Waynedale Business

DON’T OVERREACT TO FALLING BOND PRICES

If you own bonds, you probably had a pretty good run in recent months, as prices remained strong. But, for the past several weeks, things have changed, and bond prices fell – hard. What does this plunge mean to you? And how should you respond?

Before making any hasty moves, you may want to review just why bond prices have fallen. As you may know, bond prices are inversely related to prevailing interest rates. So, let’s say you have a bond that pays six percent interest. Assuming then that there are new bonds of the same quality but only paying four percent, other investors will pay a premium to you for your bond. You can then sell it for more than its “par” (face) value. But if market rates rose to eight percent, then the price of your six-percent bond would drop, because no one would be willing to pay you the face value.

Since about mid-June this year, interest rates have risen. In fact, the rate on the 10-year U.S. Treasury bond – often referred to as the “benchmark” against which all other bonds are measured – has jumped from 3.11 percent on June 13 to just under 4.30 percent in early August. That’s a big “spike” in a short amount of time – and it caused bond prices to tumble.

As someone who owns bonds, your initial reaction to these developments might be one of dismay. After all, who wants to see the value of their investments drop? But, upon closer inspection, you may find that the situation isn’t as alarming as it appears.

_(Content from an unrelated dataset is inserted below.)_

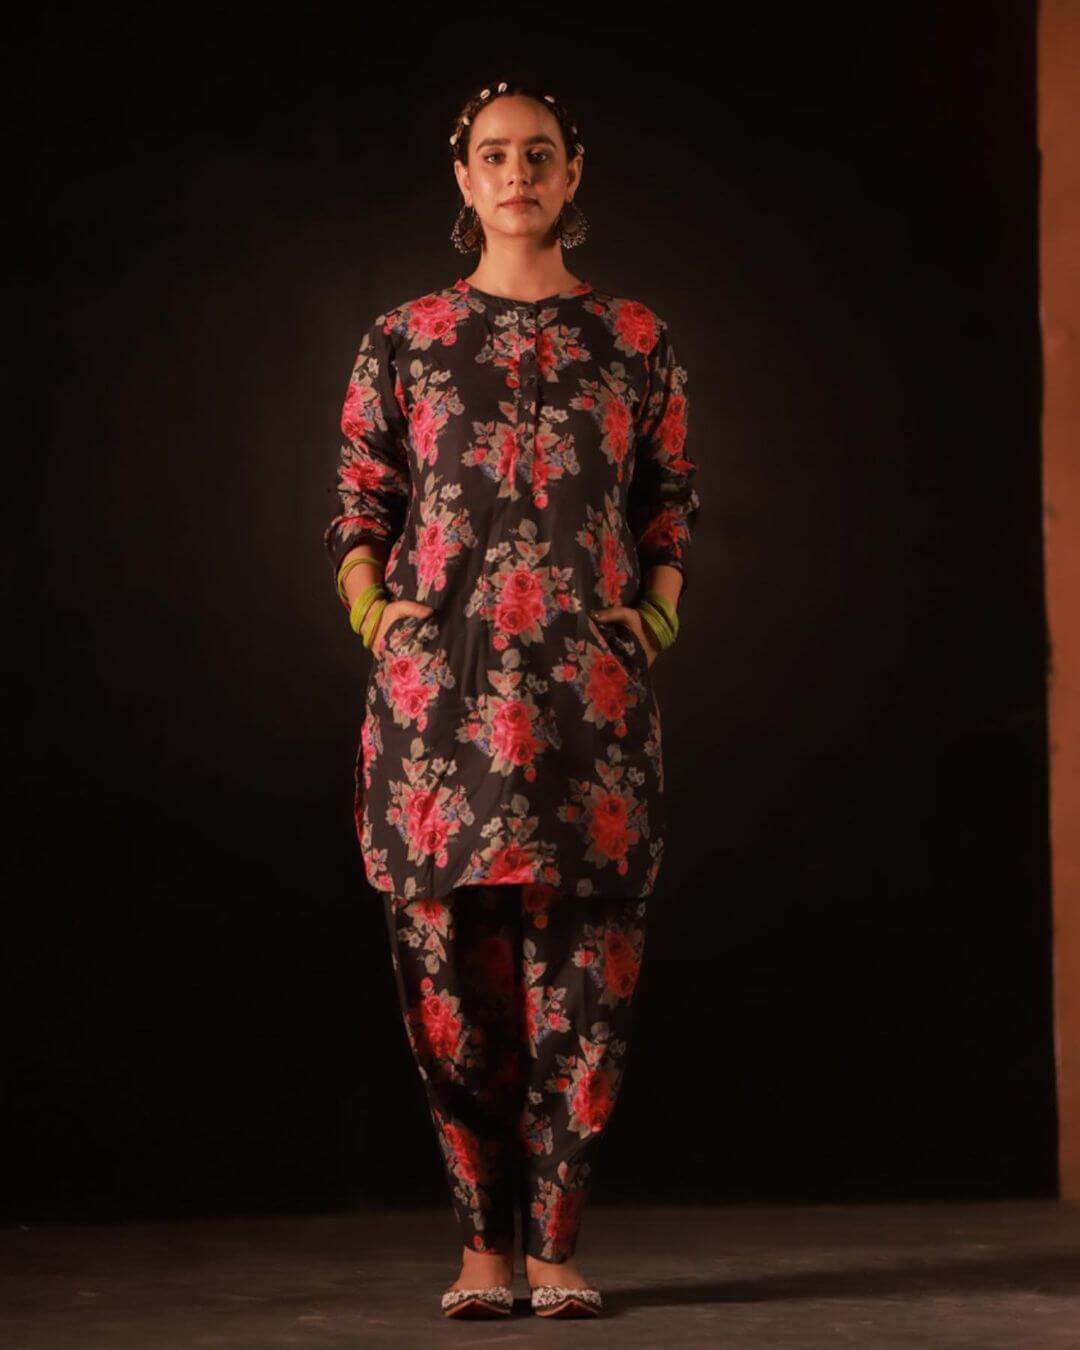 Sunanda Simple And Elegant Look In red And Green Kurta Payjama Outfit

Consider why you buy bonds. Was it because you thought their price would rise and you could then sell them for a profit? Probably not – if you’re seeking capital appreciation, you should consider buying growth stocks. However, keep in mind that stocks have higher risks including the potential loss of principal invested.

 

But you do have at least three good reasons to invest in bonds:

· Current income – By investing in bonds, you receive a regular, predictable income stream. If you feel the income is too low, you might be able to boost it by building a “bond ladder” – a collection of bonds of varying maturities. That way, when market rates are low, you’ll still have longer-term bonds paying higher interest. And, since you’ll continually have maturing bonds, you’ll always have money coming in to reinvest – which works to your advantage when market rates are high.

· Protection of principal – When you buy government bonds, you will be receiving the highest quality of bonds. And the timely payment of interest and principal is guaranteed by the US government. When considering corporate or municipal bonds look for those that are “investment quality,” which are bonds that receive the highest grades from independent rating agencies.

· Portfolio diversification – If your portfolio is overwhelmingly tilted toward equities, you may find that bonds can provide you with some valuable diversification. Keep in mind that stocks and bonds frequently move in different directions – so, if the stock market is slumping, your bonds can help cushion the impact.

 

You will note that all these benefits hinge on your holding your bonds until maturity. Is there ever a good reason to sell bonds before they mature? Yes – if your portfolio has become “unbalanced.” Specifically, if bonds make up such a large percentage of your holdings that your growth objectives are threatened, you might want to consider selling some of those bonds.

(There may be tax consequences and transactions costs associated with taking this action of rebalancing one’s portfolio.)

Other than that, though, you’ll want to hang on to your bonds. And, as long as you know that’s what you’re going to do, you’ll find it much easier to cope with the occasionally sharp price fluctuations of the bond market.